The licensed establishment employs thirteen persons, including ten bartenders, contains five large bars and an additional seating capacity for 275 patrons or a capacity of 600 customers. There is a minimum of 600 whiskey bottles openly stored on the shelves of the five bars. Approximately 1500 patrons are served during the course of a week. The Lounge has no prior record of any violations with the Liquor Control Board.
In the case of Clover Bar, Inc. Liquor License Case, 203 Pa. Superior Ct. 11, 198 A.2d 366 (1964), this Court sustained a suspension as the result of a charge of adulteration in affirming the court below. In that case 21 bottles were seized and 15 were analyzed by federal and state chemists. Serious objection was made by counsel for the appellant in this case as to the method of analysis used by the Liquor Control Board and the Treasury Department of the United States government in that they made no effort to make comparison with the formula required by the distillery but only with samples of unopened bottles of similar whiskey.
The court below and this Court were disturbed by the comparison method used by the state and treasury
[ 204 Pa. Super. Page 210]
chemists and felt that the objections made had some merit. However, we adopted the practical solution of the problem suggested by President Judge Sloane in his opinion for the court below: "By placing the results in tabular form, our inspection of the analyses-results alone indicates that the liquor in the bottles seized by the federal agents is remarkably similar in composition regardless of brand (Table II). This is also true of the analyses of the samples seized by the state agents. If bottles are supposed to contain brands A, B, and C, but analysis shows they all contain brand D, then it is evident that the bottles have been refilled or adulterated inasmuch as the contents do not conform to the label information. It is on this basis as well as the statements of the owner and the federal agents that we sustained the decision of the Liquor Control Board." See also: Com. v. Speer, 157 Pa. Superior Ct. 197, 42 A.2d 94 (1945), where 33 bottles were found to be adulterated.
In the present case the practical approach of President Judge Sloane couldn't be used and it seems patently unfair to hold this licensee for adulteration when only one bottle is involved and the analysis is only that made by the state chemist by comparison with an unopened bottle of the labelled whiskey and no comparison with the formula of the distillery. It was impossible under the circumstances in this case to find a pattern of refilled bottles.

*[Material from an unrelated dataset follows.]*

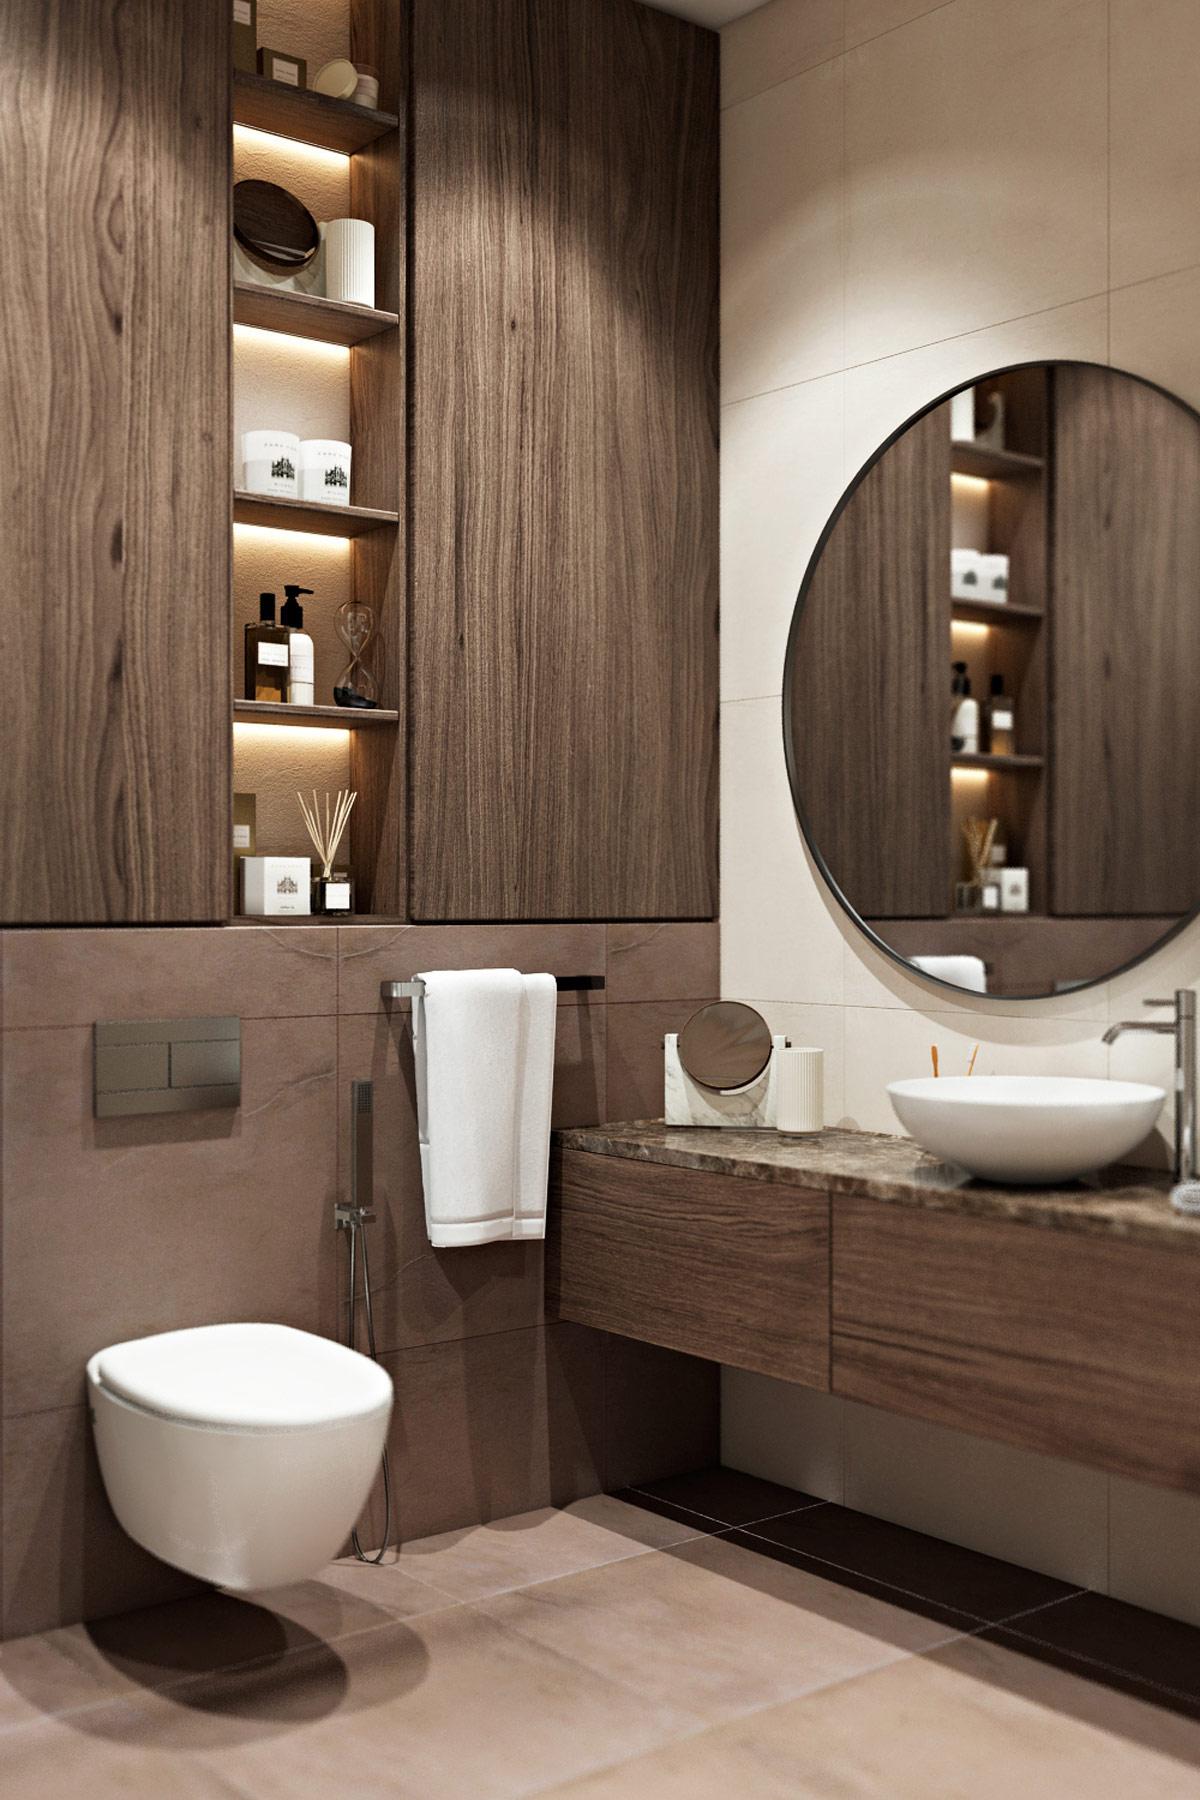 unique-storage-design-for-modern-master-bathroom-vertical-open-shelves-between-cabinets

This matter was brought before the court below de novo. There was no evidence that a servant had refilled the one bottle. There is a presumption that mere possession of adulterated liquor is prima facie evidence of knowledge of the illegal act and will impose liability unless rebutted. Com. v. Koczwara, 397 Pa. 575, 155 A.2d 825 (1959). There is evidence of a variance in solid content in the one bottle but a contest as to whether this was the result of adulteration or an error
[ 204 Pa. Super. Page 211]
in formula. Judge Kelley of the court below found as a fact that the Board by a preponderance of the evidence did not prove that the objectionable bottle was refilled by the licensee's employee. He said: "Where, under all the circumstances of this case, a considerable volume of liquor is used and possessed by the licensee, a large establishment of good reputation, and only one bottle differs in content from the formula called for by the particular brand name, and this deviation in formula could be due to error or mistake by the distillery, we believe the presumption normally arising from mere possession by the licensee to be overcome and we so find as a fact."